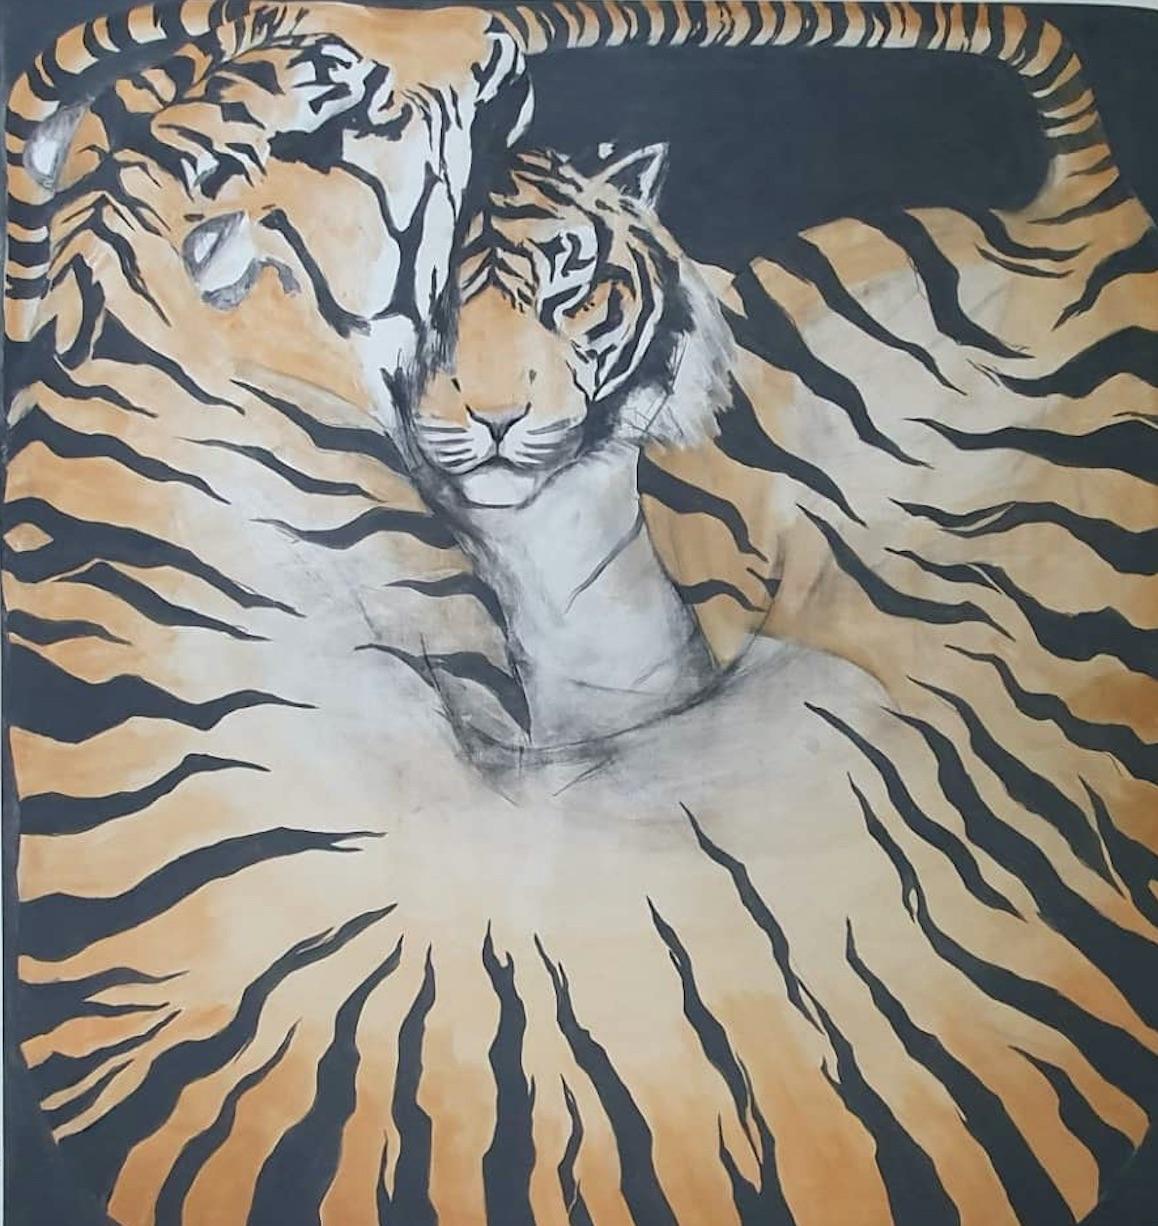 Zimbiri (b. 1991) Boxed Love, 2020 Saa-tshen on Rhay-shing (Earth paint on canvas) Signed 176.5 x 165.7 cm 69 1/2 x 65 1/4 in
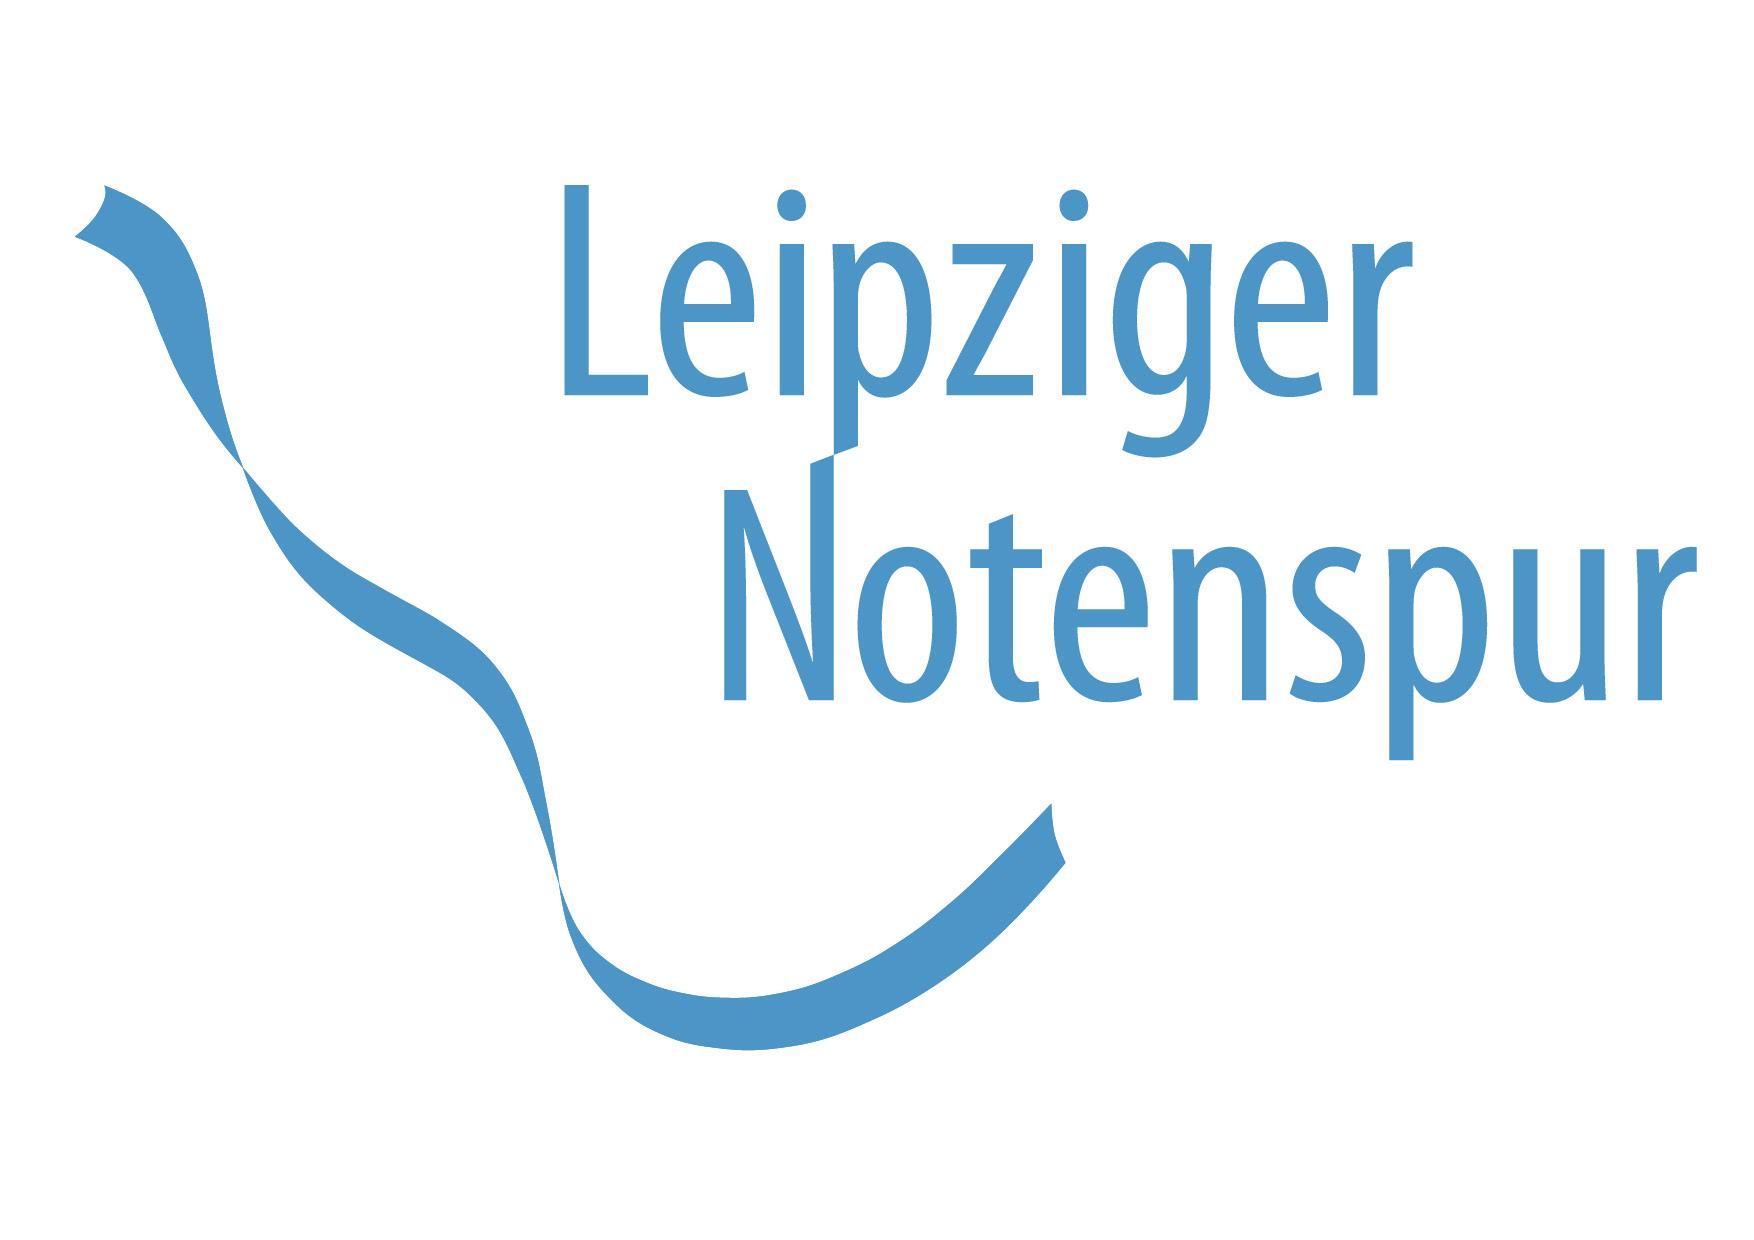 Leipziger Notenspur
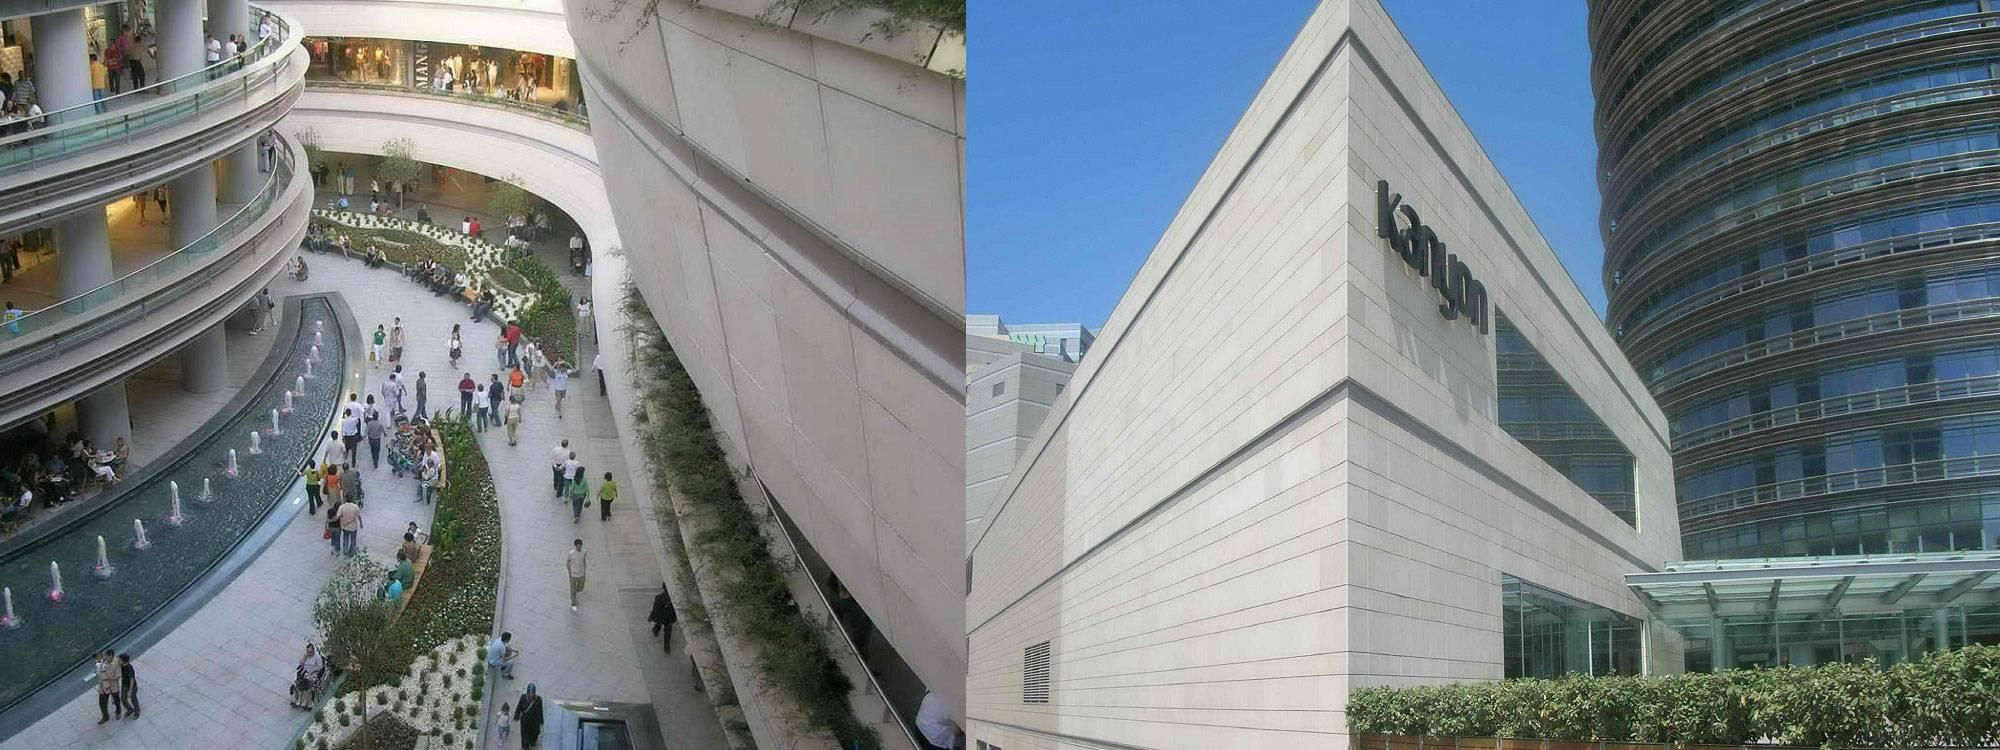 www.sonaykalelimimarlik.com SONAY KALELİ ALUMİNYUM CEPHE ÇÖZÜMLERİ & MİMARLIK, Sonay Kaleli Mimarlık

• **EXERCISE AIM**:
Lines before the one containing "Leipziger Notenspur" are not wanted; repeat that line and the rest of the listing exactly, leaving out pictures.

• **REPLY TO THE EXERCISE**:
 Leipziger Notenspur
 www.sonaykalelimimarlik.com SONAY KALELİ ALUMİNYUM CEPHE ÇÖZÜMLERİ & MİMARLIK, Sonay Kaleli Mimarlık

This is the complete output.